▶ _Your instructions_:
Beginning at the first line of the data, print each line exactly, stopping after the line that contains "Renzo Mineral Grey".

Stored items:
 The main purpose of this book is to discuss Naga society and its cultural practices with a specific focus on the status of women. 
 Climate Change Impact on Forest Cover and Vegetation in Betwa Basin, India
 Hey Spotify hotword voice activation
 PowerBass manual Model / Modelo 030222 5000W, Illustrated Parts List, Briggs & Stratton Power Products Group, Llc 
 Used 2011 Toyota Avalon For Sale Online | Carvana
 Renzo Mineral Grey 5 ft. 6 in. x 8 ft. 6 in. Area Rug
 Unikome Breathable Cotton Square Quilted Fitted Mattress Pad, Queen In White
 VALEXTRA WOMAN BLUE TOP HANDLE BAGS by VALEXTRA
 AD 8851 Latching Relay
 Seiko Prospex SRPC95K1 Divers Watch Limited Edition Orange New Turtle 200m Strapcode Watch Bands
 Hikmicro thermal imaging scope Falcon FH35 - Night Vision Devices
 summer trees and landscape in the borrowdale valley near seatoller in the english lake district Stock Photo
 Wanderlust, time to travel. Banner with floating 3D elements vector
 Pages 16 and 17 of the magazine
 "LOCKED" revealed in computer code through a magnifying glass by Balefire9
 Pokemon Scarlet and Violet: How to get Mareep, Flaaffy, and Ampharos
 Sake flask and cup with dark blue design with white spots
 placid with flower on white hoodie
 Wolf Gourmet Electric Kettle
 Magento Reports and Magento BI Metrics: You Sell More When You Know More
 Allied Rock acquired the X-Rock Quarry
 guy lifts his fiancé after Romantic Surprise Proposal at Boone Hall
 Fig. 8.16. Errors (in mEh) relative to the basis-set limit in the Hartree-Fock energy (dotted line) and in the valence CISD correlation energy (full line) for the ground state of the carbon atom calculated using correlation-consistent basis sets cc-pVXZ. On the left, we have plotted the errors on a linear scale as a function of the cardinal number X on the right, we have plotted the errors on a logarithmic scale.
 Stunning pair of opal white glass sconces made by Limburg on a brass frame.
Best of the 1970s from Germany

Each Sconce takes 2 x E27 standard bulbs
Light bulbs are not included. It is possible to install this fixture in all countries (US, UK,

▶ _Solution for this exercise_:
 The main purpose of this book is to discuss Naga society and its cultural practices with a specific focus on the status of women. 
 Climate Change Impact on Forest Cover and Vegetation in Betwa Basin, India
 Hey Spotify hotword voice activation
 PowerBass manual Model / Modelo 030222 5000W, Illustrated Parts List, Briggs & Stratton Power Products Group, Llc 
 Used 2011 Toyota Avalon For Sale Online | Carvana
 Renzo Mineral Grey 5 ft. 6 in. x 8 ft. 6 in. Area Rug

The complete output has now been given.